The specific class relationship is as follows:
The Java code for using Okio is as follows:
try {
BufferedSource bufferedSource = Okio.buffer(Okio.source(new FileInputStream(“1.txt”)));
int i = bufferedSource.readInt();
long l = bufferedSource.readLong();
String s = bufferedSource.readString(Charset.forName(“UTF-8”));
BufferedSink bufferedSink = Okio.buffer(Okio.sink(new FileOutputStream(“2.txt”)));
bufferedSink.writeInt(1);
bufferedSink.writeLong(2L);
bufferedSink.writeString(“123”, Charset.forName(“UTF-8”));
} catch (Exception e) {
// process exception
}
8, summary
Finally, I will roughly restore the heart of Java designers: The abstract InputStream/OutputStream class initially fixed the two basic concepts of I/O, the behavior of input streams and output streams read/write, and enriched the two most commonly used methods read and write through template methods. Inheritance is then used naturally to implement these two abstract classes. The most obvious input and output streams in the computer world are local files and remote networks, and of course Java designers designed a memory-based stream. The next step is to extend the read/write behavior of the input/output streams.
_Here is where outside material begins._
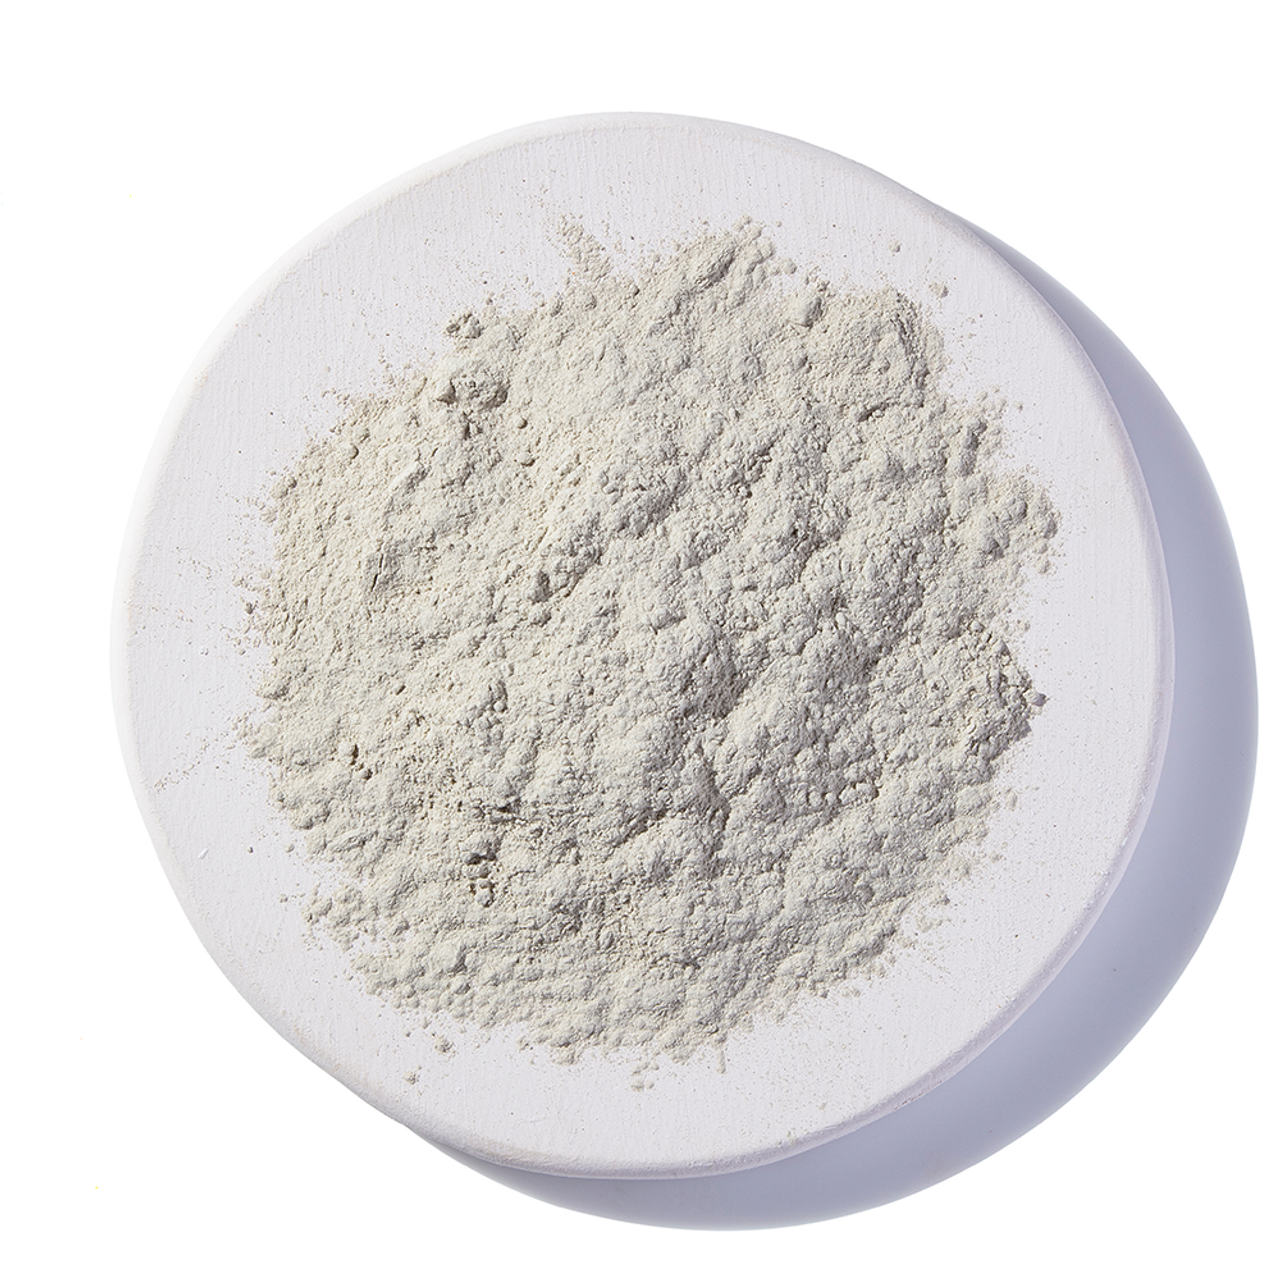 Food Grade Sodium Bentonite Clay 454g - Belle Chemical
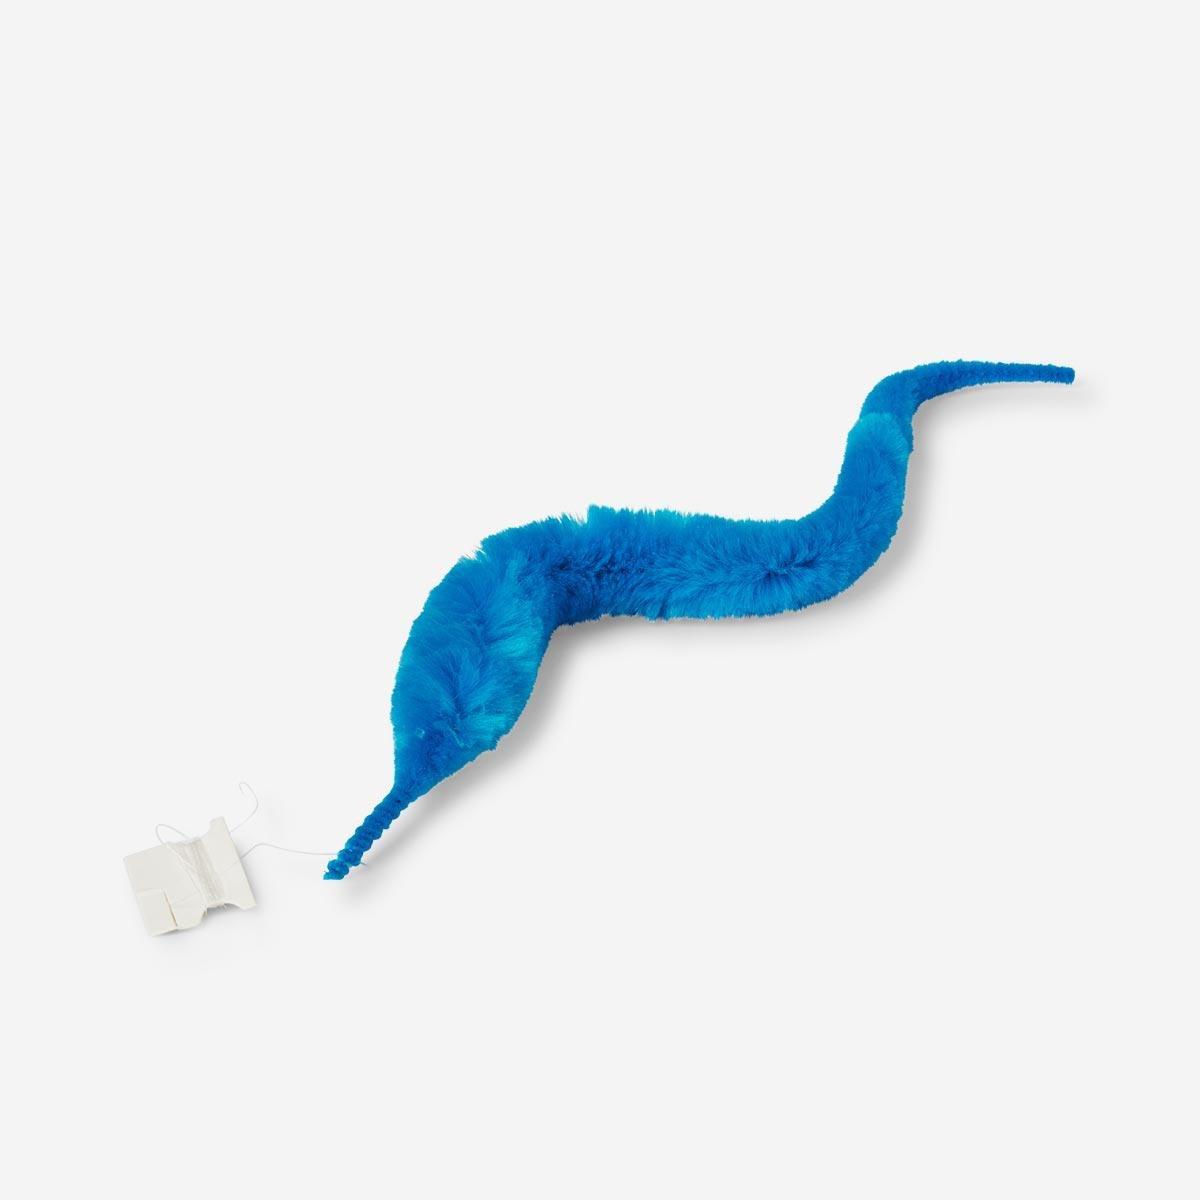 Blue furry twisty worm

Designers can extend the behavior without changing the semantics of the interface through the decorator pattern and chain of responsibility pattern, resulting in the unique layer upon layer code writing of Java I/O. When inheritance and design patterns extended I/O, the designer realized that the interface he had designed was computer-oriented, that is, byte stream oriented, and it was too difficult for the developer to use. The developer needed character stream oriented interface, so he started tinkering with it. Design a DataInputStream/DataOutputStream, but failed because of platform compatibility, so simply drawing board, Redesigned the Reader/Writer, and a similar interface system between the byte stream and characters of the flow transducer InputStreamReader/OutputStreamWriter, thus solving the problem of the habit of the developers.